# przejscie na x86 z ~

## Vegan

Hello , korzystanie z całego systemu opartego na pakietach z gałęzi ~x86 jest zabawne ale trochę mnie już zmęczyło ciągle tropienie memory leakow , chciałbym trochę popracować na przynajmniej w większości stabilnym systemie  :Smile:  ~ jet rozsądne tylko w przypadku paru pakietów , teraz moje pytanie - czy jest sposób na re kompilacje -e system && -e world z gałęzi ~x86 na x86 (oczywiście bo zmianie accept keywords w /etc/make.conf) chodzi mi o to iż niektóre pakiety jak glibc nie wspierają downgrade'u co w takiej sytuacji zrobić jeśli nie chce się instalować gentoo ponownie ?

----------

## yoshi314

przestawic na x86 i gdy portage proponuje downgrade nie instalowac, tylko czekac az pakiety przejda do x86. nie jest to zbyt dobre rozwiazanie, ale lepsze niz nic :]

albo dac ~x86 tylko paru newralgicznym pakietom (m.in. glibc)

----------

## kacper

Ja z pół roku temu próbowałem takiej operacyji, skończyło się na chroot i instalowaniu pakietów ~x86 bo było full błędów, nie polecam takiego przejścia, chyba, że coś się od tamtego czasu zmieniło.

Swoja drogą, cały czas używam ~x86 i od paru miesięcy ani jednego błędu nie miałem.

----------

## Vegan

no bo w jednym tygodniu nie ma błędów , ale zaktualizujesz jakiś pakiet np najnowsze xorg-server1.3 ( nie startuje kompletnie z ati drivers musiałem downgredowac , ) lub najnowszy gnome-panel problem z wyciekiem pamieci itp , itd chodzi glownie o takie male bledy ktore potrafia byc denerwujace . Wiec przemyslalem iz najnowsze wersje pakietow niewiele mi daja i moge spokojnie poczekac gdy dane nowe funkcji zostana zaimplementowane w stabilnych wersjach a jesli cos jest super w nwoej wersji programu zawsze moge go odmaskowac w druga strone nie jest juz tak latwo , no ale coz chyba bede musial przysiasc w wolny weekend backup wszystkich plików konfiguracyjnych i siup reinstall .

----------

## Poe

proszę nie wypowiadać się tutaj na temat czy ~ARCH jest lepsze od ARCH i na odwrot, bo nie o to autor pyta.

----------

## lokocool

ja probowalem takiej akcji kilka dni temy, nawet gdzies pisalem o tym... skonczylo sie na tym ze gentoo postawilem od nowa wszytko na x86 przy probie downgradu same bledy.
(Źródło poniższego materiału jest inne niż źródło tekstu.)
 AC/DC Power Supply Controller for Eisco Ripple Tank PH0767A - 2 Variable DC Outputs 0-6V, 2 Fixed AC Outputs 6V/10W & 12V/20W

Wydaje mi sie ze jedyna opcja zeby wrocic na x86 jest poczekanie az pakiety x86 beda nowsze niz ~x86 i tyle.. 

Pozdr.

----------

## Piecia

Mi się taka operacja udała na laptopie i pececie. Aktualnie newralgiczne pakiety jak glibc jest zabezpieczony przed downgrade'em. Aczkolwiek było trochę błędów ale system działał. Nic nie szkodzi spróbować w przypadku instalacji od nowa.

----------

## arturx

U mnie z downgradem do x86 nie było problema. 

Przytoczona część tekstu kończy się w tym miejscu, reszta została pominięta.